The average retail price of electricity in the United States has risen about 1.5% per year between 2006 and 2016, roughly the same as the 1.6% rate of annual inflation, while the price of natural gas for generators have fallen at an average rate of 8.4% per year since 2006.
Much of the gap between the two price trends during that period has been filled by the cost of producing and delivering electricity, according to the EIA.
Hydraulic fracturing has had a huge effect on the economy as a whole, creating a boom in exploration and production, altering the United States’ strategic position as an energy producer and forcing coal and nuclear plants to close.
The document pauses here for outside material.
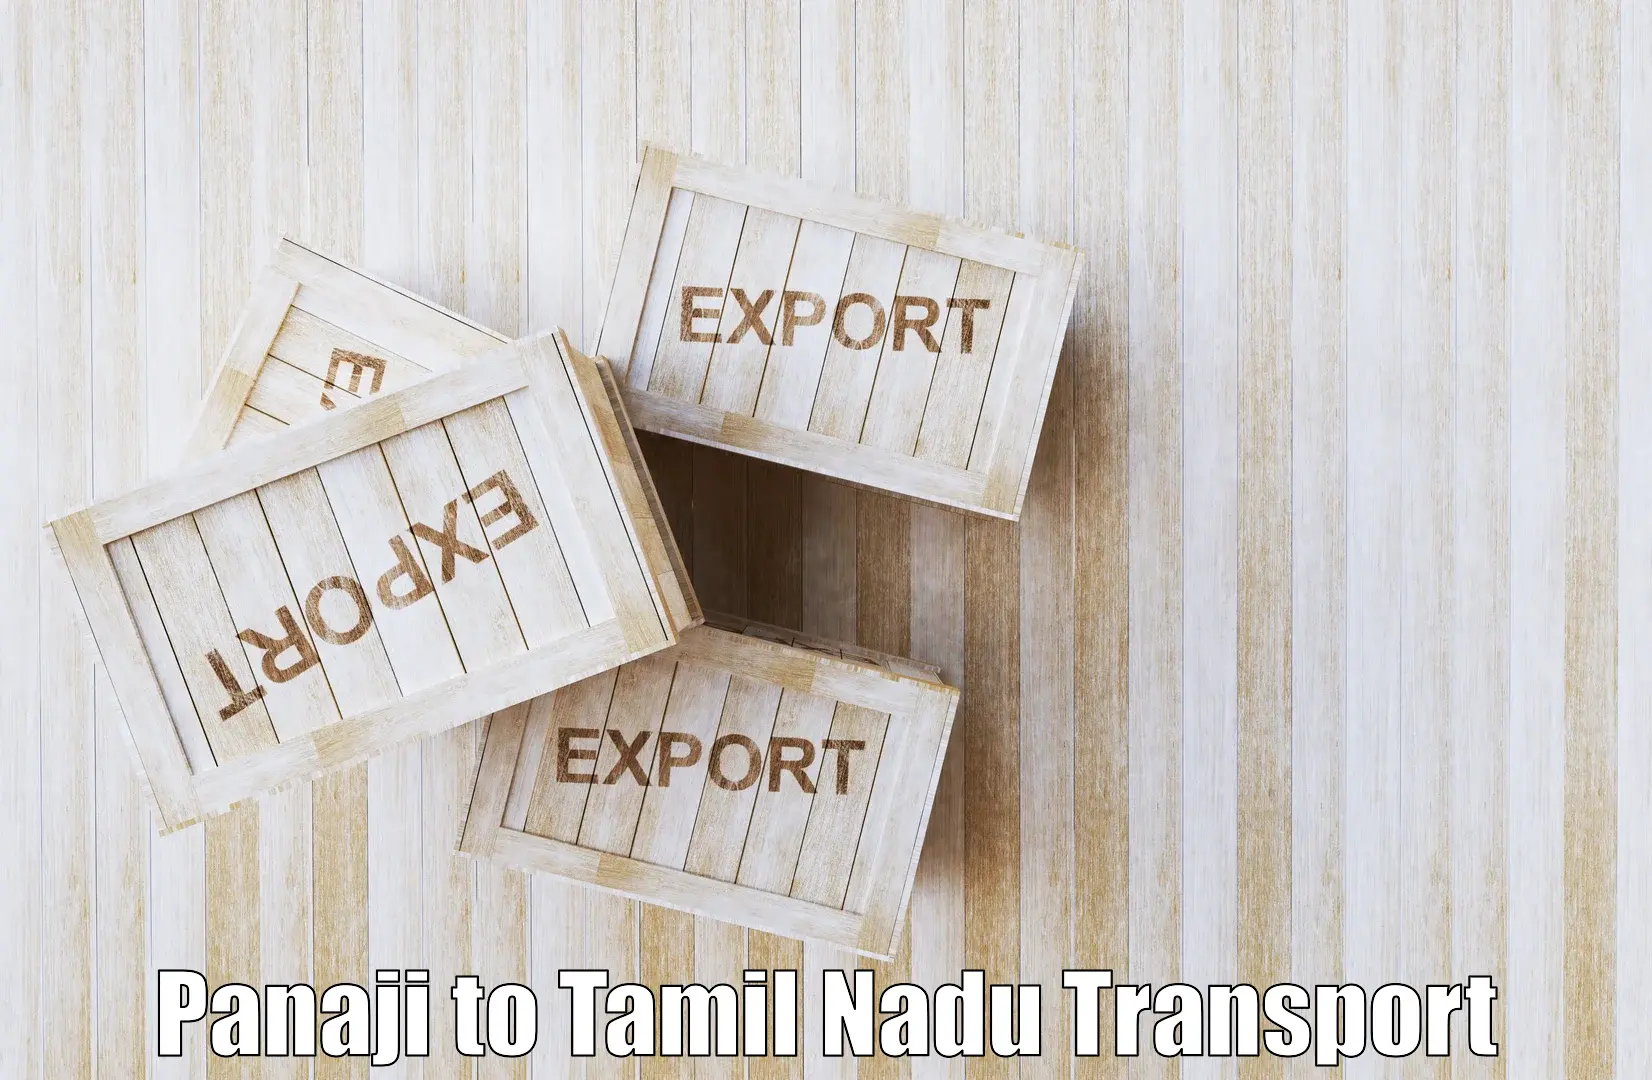 Nearby transport service Panaji to Panruti

But, according to the EIA, electricity consumers have not reaped those benefits commensurately.
Even though the portion of costs attributed to power production for most utilities has decreased from 69% to 54%, the cost of delivering electricity to customers has risen.
Delivery costs have increased in real 2016 dollar terms from 2.2 cents/kWh in 2006 to 3.2 cents/kWh in 2016, offsetting the decrease in the generation costs, according to the EIA data, which is compiled from utility financial reports filed with the Federal Energy Regulatory Commission. The EIA says those reports represent about 70% of all electric utility spending.
Delivery costs include costs associated with building and maintaining transmission and distribution networks, the costs of servicing customers, as well as administrative costs. The EIA attributes the rising costs in part to replacing aging infrastructure. Delivery costs have also taken up a rising share of overall electricity costs, rising from a 22% contribution in 2006 to 36% in 2016, according to the EIA.
Administrative and general expenses, meanwhile, have risen by 20% in real dollar terms since 2006, even though those costs account for a smaller portion of the overall costs of providing electricity, according to the EIA data.